La Corte, infatti, sottolinea che l’onere di comunicazione di cui all’art. 430 c.p.c. si riferisce ormai, dopo le modifiche operate dal d.l. 112/2008, esclusivamente alle ipotesi di lettura in udienza del solo dispositivo.

Non essendo indispensabile la comunicazione della sentenza, potrebbe ipotizzarsi che la fase dell’udienza in cui il giudice dispone per la prosecuzione del giudizio sia già essa stessa una nuova e diversa udienza ai sensi dell’art. 340 c.p.c.

Questa tesi, volta a valorizzare la autonomia delle due fasi dell’udienza, pare alla Corte eccessivamente pregiudizievole per la parte onerata, alla quale occorre comunque riservare un congruo spatium deliberandi.
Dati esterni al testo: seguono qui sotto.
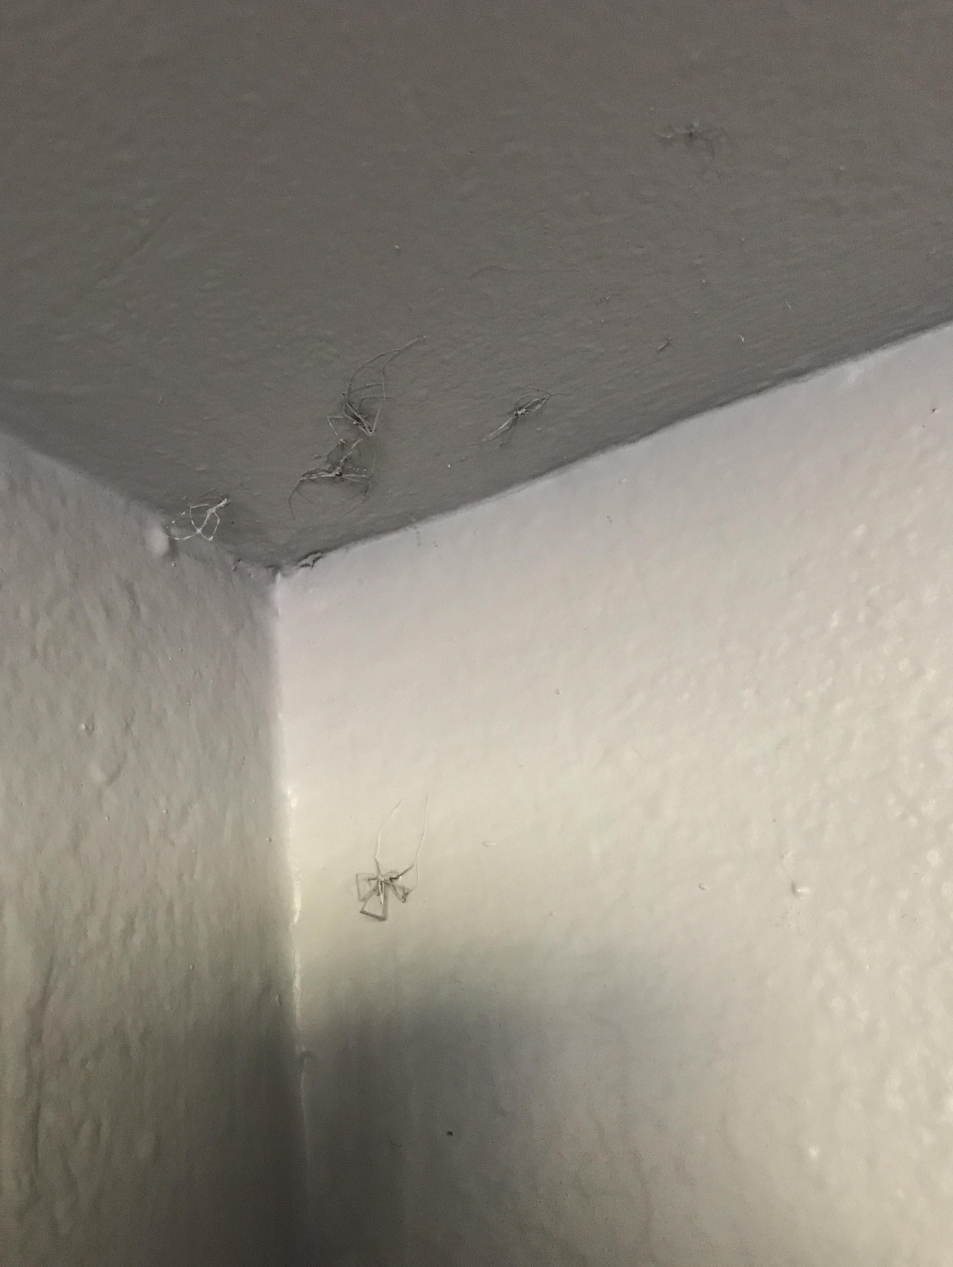 spiders that were painted over

La proposizione della riserva di appello, ad esempio, implica la rinuncia alla impugnazione immediata, fatta salva l’eventuale proposizione di quest’ultima ad opera di altra parte parzialmente soccombente.

La preclusione dopo la riserva di impugnazione differita, del resto, è principio affermato in un indirizzo costante della giurisprudenza di legittimità (già Cass., sez. un., 9 marzo 1982 n. 1498; di recente: Cass., 21 settembre 2015, n. 18498, la quale precisa che nonostante l’impugnazione immediata di una sentenza non definitiva di cui la parte si sia riservata l’impugnazione differita sia inammissibile, essa non preclude, dopo la sentenza definitiva, l’esercizio del potere di impugnare anche quella non definitiva), né può ritenersi superata dalla proposizione dell’appello incidentale da parte della appellata.